# Curriculum

- regex (short for 'regular expressions') is most commonly used in two ways:
    
    1.) to find / extract text that matches a pattern; and 
    
    2.) To replace / substitute text that matches a pattern
    
    
- module is 're' - that's what I import

- the two main functions in 're' that I will use are '.findall', and '.search'

**A note on raw strings:**
    
    - carry the prefix 'r'
    
    - backslashes are included in the sting verbatim, and don't carry any special meaning.  For instance, 'and/or' is 'and' or 'or'
    
    - common in regex, so don't freak out
    

In [1]:
import re

In [57]:
re.findall(r'b', 'abcd') 

# we're looking for pattern 'b' in the string 'abcd'

['b']

In [3]:
# function to simplify the process of showing many results form regex:

def show_all_matches(regexes, subject, re_length=6):
    """
    function that takes in the regexes, the subject, and the length, and prints out the results
    """
    print("Sentence: ")
    print()
    print("      {}".format(subject))
    print()
    print(" regexp{} | matches".format(' ' * (re_length - 6)))
    print(" ------{} | -------".format(' ' * (re_length - 6)))
    for regexp in regexes:
        fmt = "  {:<%d} | {!r}" % re_length
        matches = re.findall(regexp, subject)
        if len(matches) > 8:
            matches = matches[:8] + ['...']
        print(fmt.format(regexp, matches))

In [4]:
sentence = "Mary had a little lamb. 1 little lamb.  Not 10, not 12, not 22, just one."

In [5]:
show_all_matches([
r'a',
r'm',
r'M', 
r'Mary',
r'little', 
r'1',
r'10', 
r'22'], sentence)

Sentence: 

      Mary had a little lamb. 1 little lamb.  Not 10, not 12, not 22, just one.

 regexp | matches
 ------ | -------
  a      | ['a', 'a', 'a', 'a', 'a']
  m      | ['m', 'm']
  M      | ['M']
  Mary   | ['Mary']
  little | ['little', 'little']
  1      | ['1', '1', '1']
  10     | ['10']
  22     | ['22']


## Metacharacters and Character Classes

**METACHARACTERS** match several different kinds of characters, BUT DON'T MATCH THE CHARACTER ITSELF literally

Not only that, but metacharacters have to be escaped to match the character itself. 
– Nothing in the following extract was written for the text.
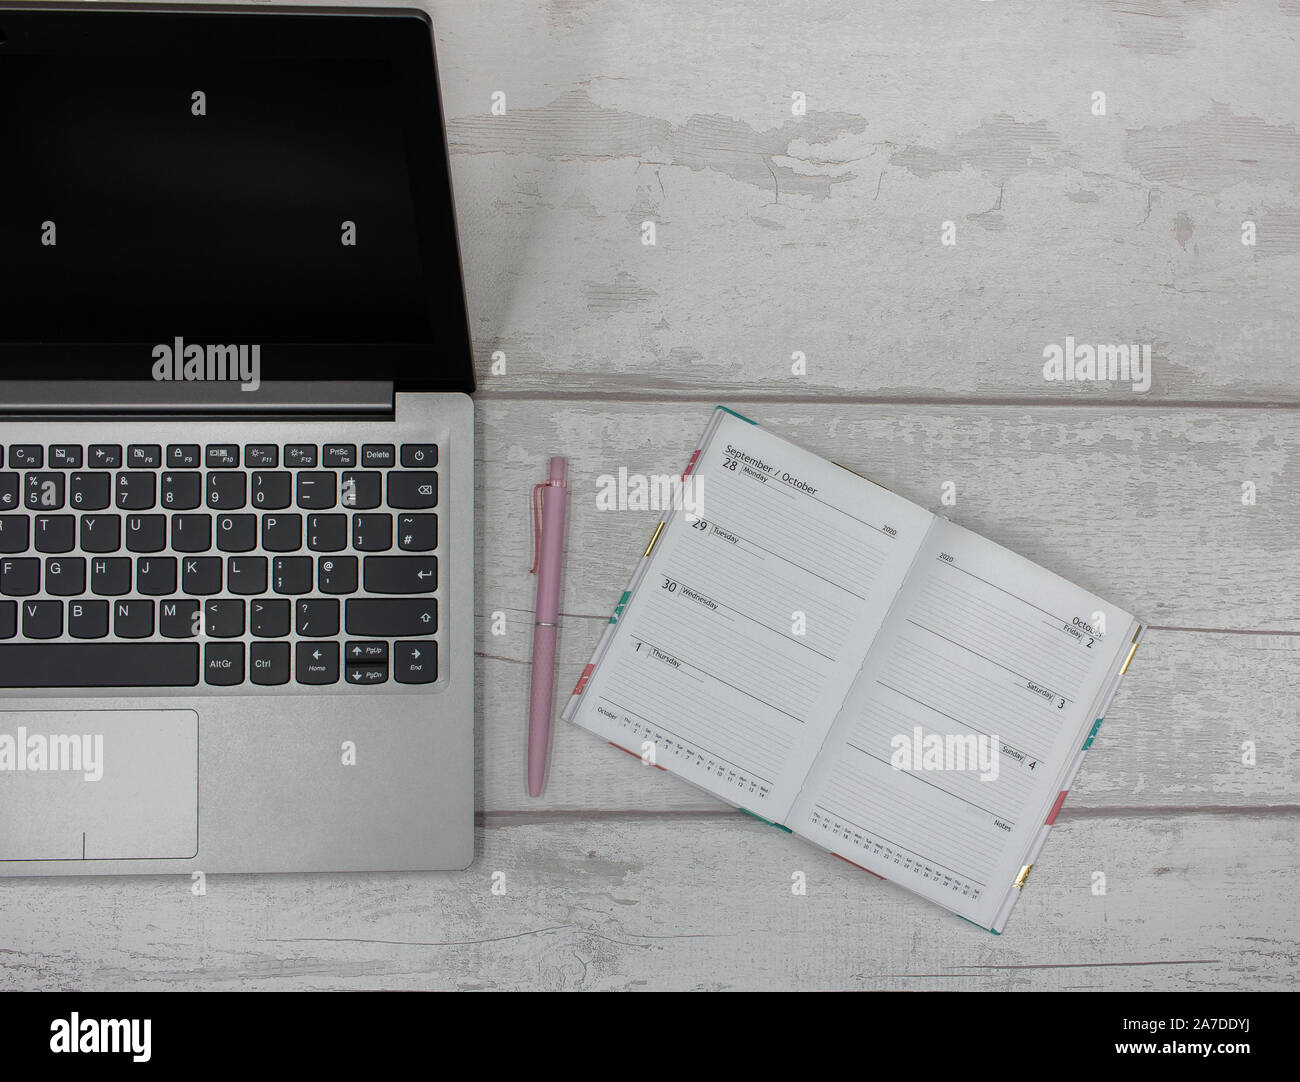 Top View of Laptop with Organizer Diary and Pink Pen on a Clean White Wooden Table Stock Photo

METACHARACTER  |  WHAT IT MATCHES

. _______________ Anything

\w ______________ ANY letter or number

\W ______________ Anything that's NOT a letter or number

\d ______________ Any DIGIT

\D ______________ Any NON-DIGIT

\s ______________ Any WHITESPACE character

In [6]:
res = [
    r'\w', # matches everything but the spaces
    r'\d', # matches all the digits (numbers)
    r'\s', # matches all the whitespace characters
    r'.', # matches every character, including spaces
    r'\.' # matches all the actual, literal periods
]

show_all_matches(res, sentence)

Sentence: 

      Mary had a little lamb. 1 little lamb.  Not 10, not 12, not 22, just one.

 regexp | matches
 ------ | -------
  \w     | ['M', 'a', 'r', 'y', 'h', 'a', 'd', 'a', '...']
  \d     | ['1', '1', '0', '1', '2', '2', '2']
  \s     | [' ', ' ', ' ', ' ', ' ', ' ', ' ', ' ', '...']
  .      | ['M', 'a', 'r', 'y', ' ', 'h', 'a', 'd', '...']
  \.     | ['.', '.', '.']


### Lookie, lookie!  You can combine regex characters to do multiple things!

In [7]:
show_all_matches([r'l\w\w\w\W', r'\d\d'], sentence, re_length=9) 

Sentence: 

      Mary had a little lamb. 1 little lamb.  Not 10, not 12, not 22, just one.

 regexp    | matches
 ------    | -------
  l\w\w\w\W | ['lamb.', 'lamb.']
  \d\d      | ['10', '12', '22']


**^^ 'l\w\w\w\W' matched 'lamb.'  '\d\d' matched numbers that were in pairs.  If I increased the 'l\w' stuff by another w, it would look for a longer word that began with 'l'.**

## Repeating

There are some metacharacters that match the character before them a repeated number of times:
    
\* = zero or more matches

\+ = one or more matches

{n} = exactly n number of matches (repetitions)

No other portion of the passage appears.